Я с удовольствием продолжил бы рассказ о своем общении с доктором Джонсоном и умами его круга, но я так стар и легкоутомим. Припоминая дела давно минувших дней, я как будто бы плутаю наугад впотьмах; боюсь, я осветил лишь малость случаев, никем прежде не обнародованных. И если же эти мои мемуары будут приняты благосклонно, впоследствии я поведаю и некоторые другие занимательные истории прошедших лет, живым представителем коих остался я один. Еще многое стоит припомнить о Сэмюэле Джонсоне и его достославном клубе, которому был верен я еще много лет после смерти доктора, какую считаю достойной многих скорбей. Помню, как Джона Бергойна, эсквайра и генерала, чьи драматургические и поэтические творения увидели свет уже после его смерти, не допустили в клуб в силу трех голосов против – навеянных, вероятно, его незавидным поражением в Американской войне, под Саратогой. Бедняга Джон! Хотя бы сыну его повезло поболее, и он даже добился титула баронета… но, право слово, как же утомился я, как устал. Я стар, страшно стар, и пора уж мне вздремнуть после обеда.


Тот Самус

«…как писал Тот Самус в своих знаменитых “Житиях поэтов”…»

Из студенческого сочинения[47]

Следует заметить: то, что автором «Жития» часто указан Тот Самус, в корне неверно. Увы, досадное заблуждение бытует даже среди претендующих на должную образованность личностей – так просветим же их. Автором «Жития» на самом деле является японский монах Какего Тамус. А Тот Самус, в свою очередь, – создатель шедевра «См. источник», в коем все сколько-нибудь значимые тропы и аллюзии греко-римской мысли воплотились в вековечной, кристаллизованной форме. Не могу не отметить восхитительную остроту «Источника» – ведь определенно Тот Самус произвел труд, намного опередивший свое время.
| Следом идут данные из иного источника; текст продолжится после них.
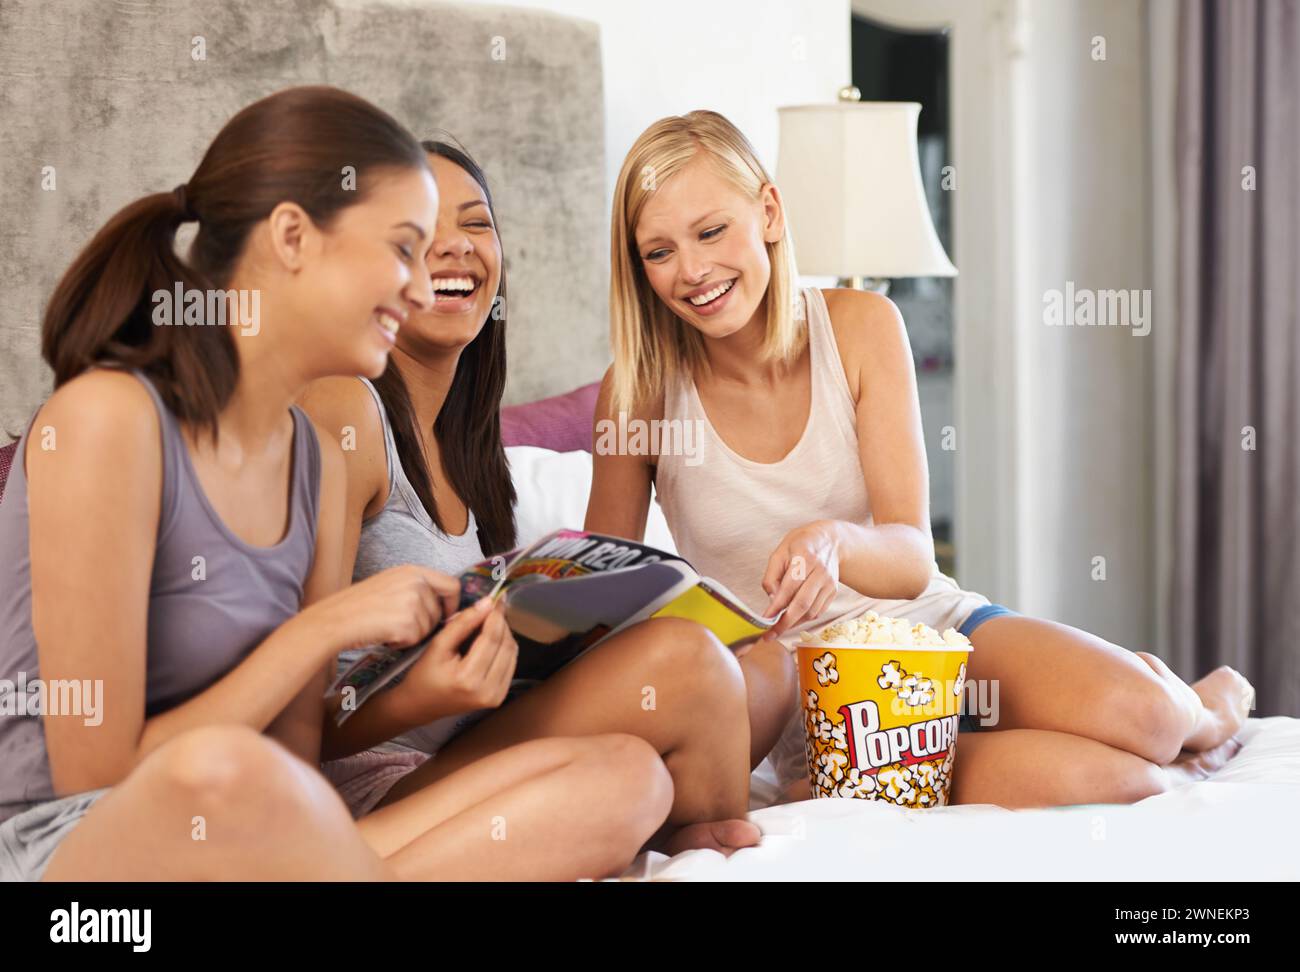 Friends, popcorn and reading magazine on bed with laughing, discussion and girls night in home with pyjamas. Women, snack and happiness with paper in Stock Photo
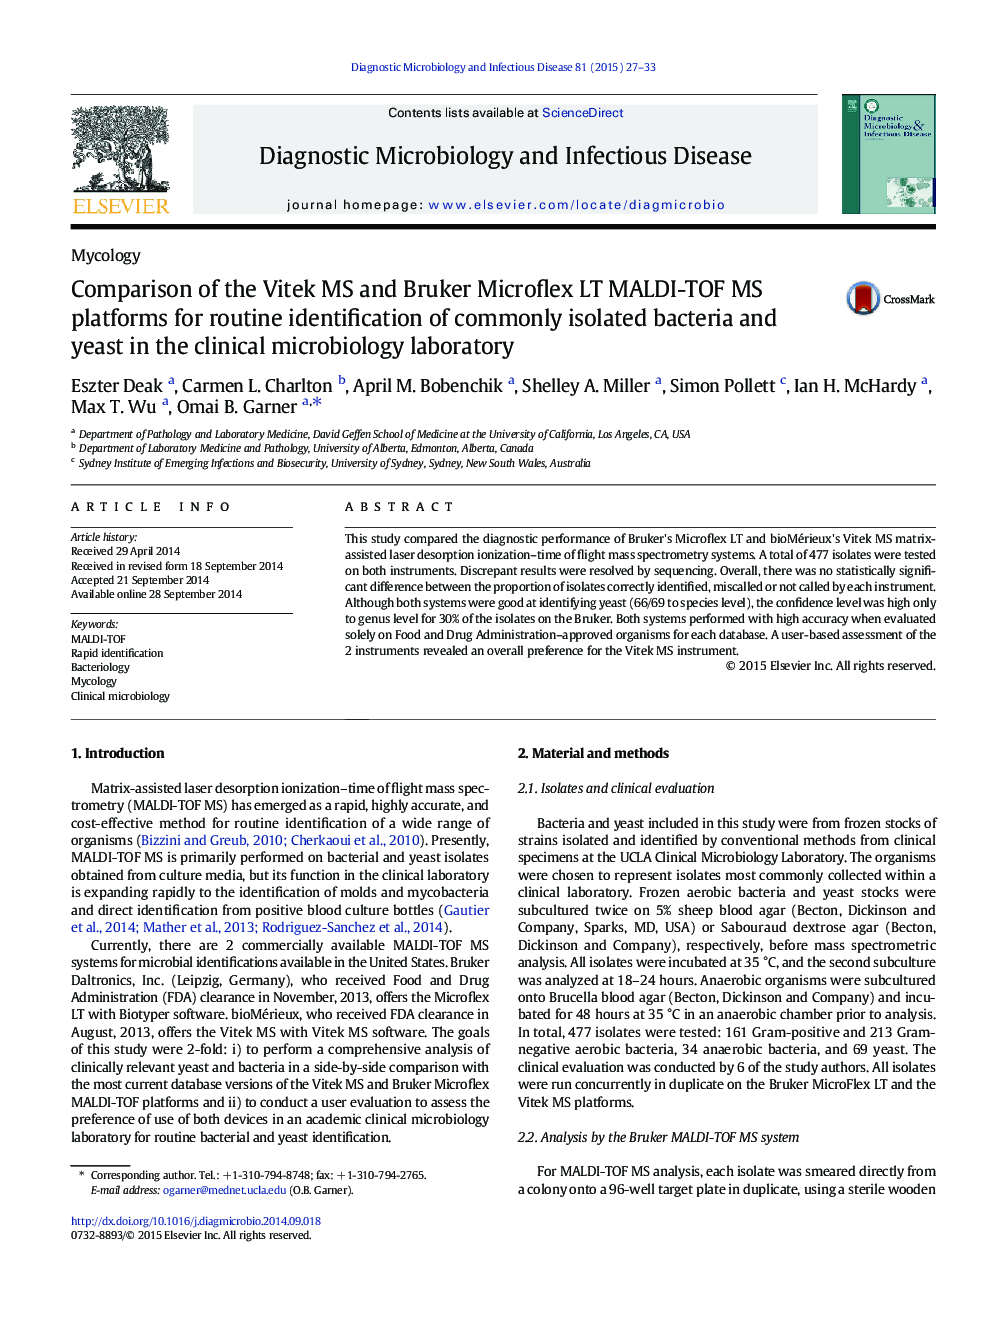 Comparison of the Vitek MS and Bruker Microflex LT MALDI-TOF MS platforms for routine identification of commonly isolated bacteria and yeast in the clinical microbiology laboratory

Современные исследования зачастую описывают, якобы ссылаясь на монументальную «Историю Ост-Готов в Италии» фон Хрюндлера, Тота Самуса как романизированного вест-гота из орды Атаульфа, осевшей в Пласенсии[48] приблизительно в 410 году н. э. «Якобы» здесь – ключевое слово, ибо на самом деле и фон Хрюндлер, и вслед за ним Несмышлитт, и даже Луи Отброс твердо и четко определяли уникальную обособленную фигуру Тота Самуса как неподдельного римлянина – во всяком случае, настолько неподдельного, насколько вообще такое возможно в упадочную и ублюдочную эпоху. Право, о Тоте Самусе Гиббон сказал бы то же, что и в свое время – о Боэции: «Он был последний, кого Катон или Тулий признали бы соотечественником своим».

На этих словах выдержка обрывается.